L'appuntamento, previsto quest'anno per novembre, "da sempre è stato un’occasione di confronto e aggiornamento molto attesa dalla comunità scientifica e oggi percepiamo ancora di più l’esigenza di condividere le novità che riguardano la ricerca sulla Sla e aprire un confronto su quelle più promettenti", afferma il presidente di Arisla, Mario Melazzini sottolineando che "in occasione dello Sla Global Day, vogliamo ribadire il nostro impegno per garantire che questo patrimonio di conoscenza continui ad arricchirsi e possa portare a risposte concrete per i pazienti".

Negli anni – ricorda una nota- il costante finanziamento di Arisla di nuovi progetti, in particolar modo dei ‘Pilot Grant’, ovvero di studi con ipotesi di ricerca molto originali e innovative, ha permesso di avvicinare nuovi ricercatori allo studio della Sla, anche molto giovani: il 57% dei coordinatori dei Pilot Grant, infatti, non si era mai occupato prima di Sla e il 33% di loro aveva meno di 40 anni al momento del finanziamento. Tra i dati raccolti emerge che numerosi ricercatori hanno potuto dare continuità alla loro ricerca, producendo risultati che hanno consentito di ottenere fondi anche da altri enti, pubblici o privati, nazionali o internazionali. Inoltre, l’aver ricevuto un grant Arisla ha consentito di promuovere la collaborazione tra scienziati: l’85% degli articoli originali pubblicati da ricercatori Arisla sono derivati da collaborazioni internazionali o nazionali per la maggior parte guidate proprio da loro.

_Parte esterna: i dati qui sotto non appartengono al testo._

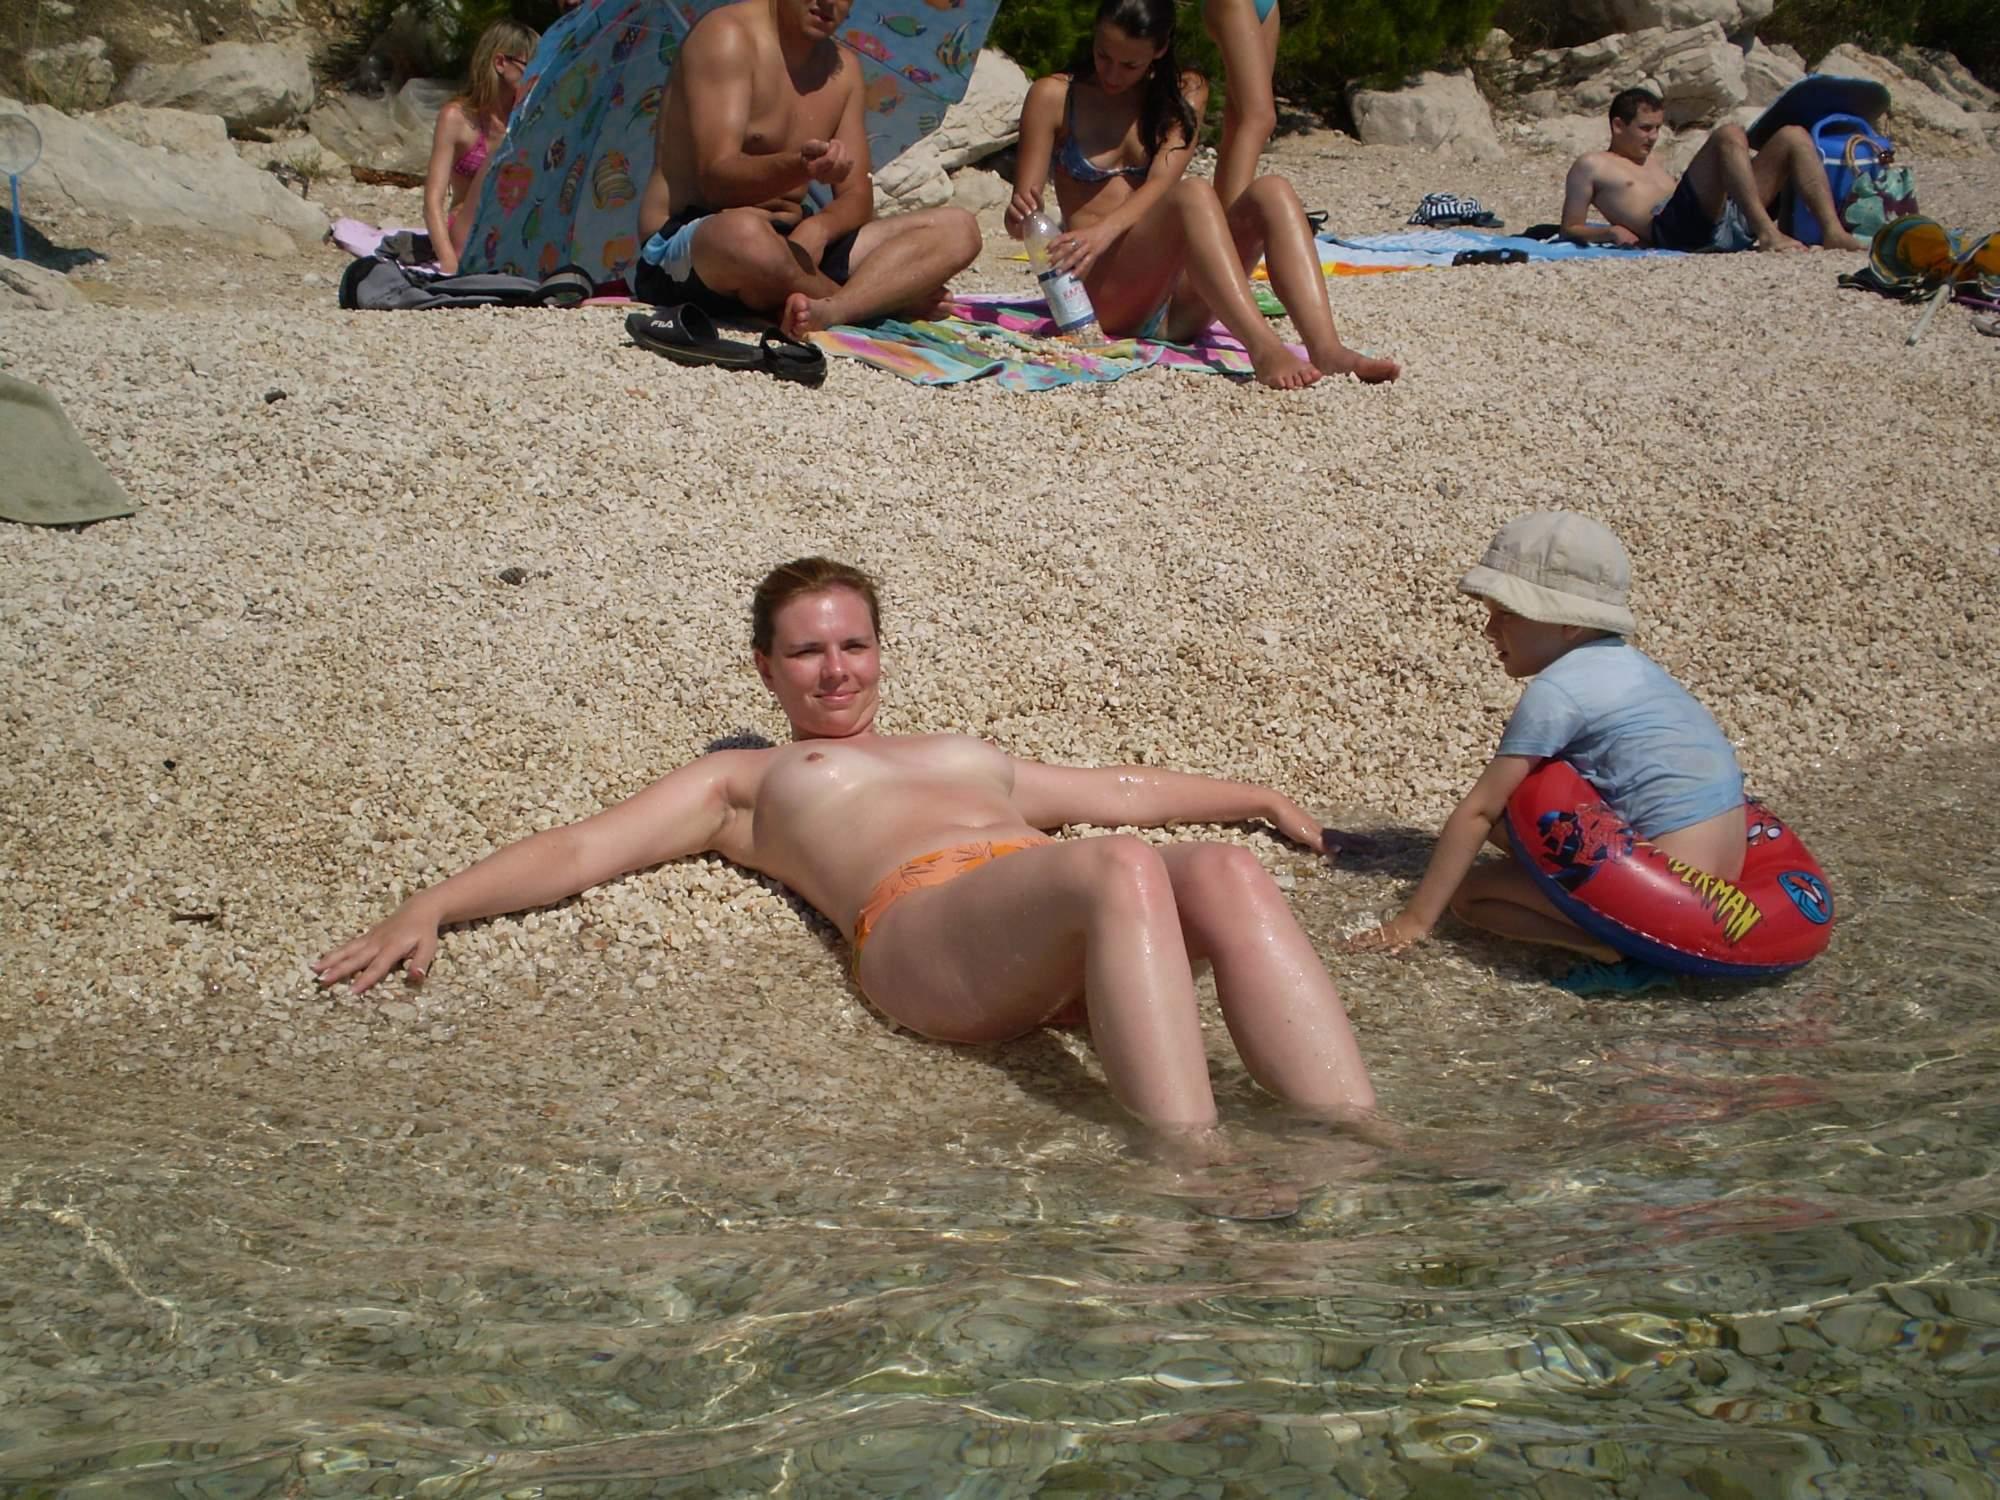 rajce naked butt rajce naked butt 1rajce.idnes. Chorvatsko naked Chorvatsko naked 1 rajce .idnes.

Dagli studi finanziati negli anni da Arisla sono derivate 340 pubblicazioni (fonte Web of Science, periodo 2010 – maggio 2022). Il riconoscimento da parte della comunità internazionale dei risultati conseguiti è evidenziato anche da analisi bibliometriche basate su algoritmi sviluppati dai National Institutes of Health (NIH) americani che posizionano il 67% delle pubblicazioni Arisla tra gli articoli ad alto impatto nell'area scientifica di riferimento. Dall’osservazione dei risultati dei progetti finanziati da Arisla emerge che questi sono concentrati principalmente sullo studio dei meccanismi molecolari, tuttavia è stata rilevata una progressione interessante verso la ricerca preclinica più avanzata e la traslazionalità nella clinica.

Per quanto riguarda l'immediato futuro chiuso lo scorso 5 maggio, il Bando Arisla 2022 ha raccolto 85 candidature, confermando il forte interesse della comunità scientifica italiana a studiare la Sla. Potevano partecipare al Bando i ricercatori di università italiane e di istituti di ricerca pubblici e privati italiani non profit e presentare due tipologie di progetti, 'Pilot Grant' o 'Full Grant'. I primi sono hanno con lo scopo di testare proposte molto innovative e confermarne la validità, i secondi sono progetti che sviluppano ambiti di studio promettenti, già fondati su solide basi preliminari. La conclusione del processo di valutazione è prevista entro la fine del 2022.